Filled with stunning photographs, they include Jewish classics and trendy cuisine. In addition, they offer us a sense of belonging — to our shared Jewish history, to our holidays and our Sabbath and our diverse culinary heritage. And they signify our mutual investment in our Jewish communities and traditions.
They are entwined with the daily unfolding of our private lives, too, so much of which takes place at the table. The Talmud teaches that the table is an altar reminiscent of the one in the Holy Temple in Jerusalem. Around it we imbue nourishment with sanctity, bringing echoes of our ancient past into our present-day kitchens by elevating a basic human act to the level of ritual.

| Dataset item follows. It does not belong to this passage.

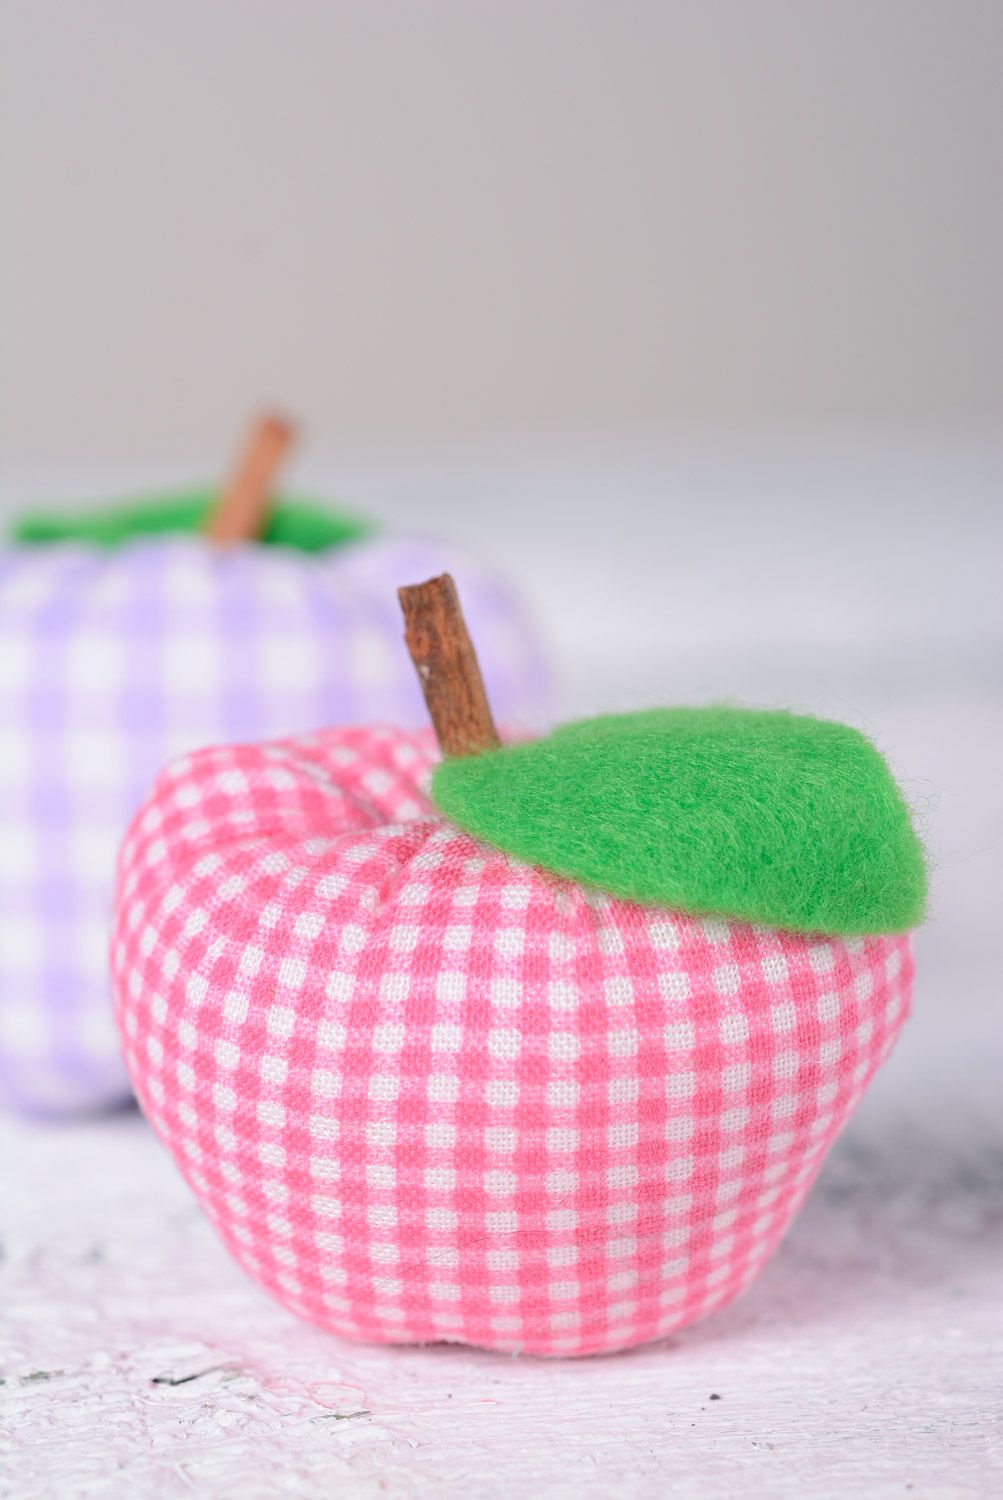 Декоративная игрушка для интерьера в виде маленького яблока мягкая пошитая вручную фото 1

As the mother of teenagers, I see how our meals define a moment and place in our family timelines as well. I no longer prepare kiddie foods, like the mini-carrot muffins that were once a staple of our Shabbos menu, a recipe I annotated with “The boys loved them!” in the margin. I’m finding that fact especially poignant as our middle son prepares to leave the nest for his gap year in Israel. I know I’ll miss him, but I’ll also miss preparing his favorite dishes while he is away.
There is indeed holiness at the table, especially on those rare occasions when everyone is home and we are all seated together. It makes me believe that our repertoire of recipes and the cookbooks we get them from are a kind of liturgy — a prayer of gratitude and a song of love, but also a reminder that eating with our families is a recipe for a meaningful life.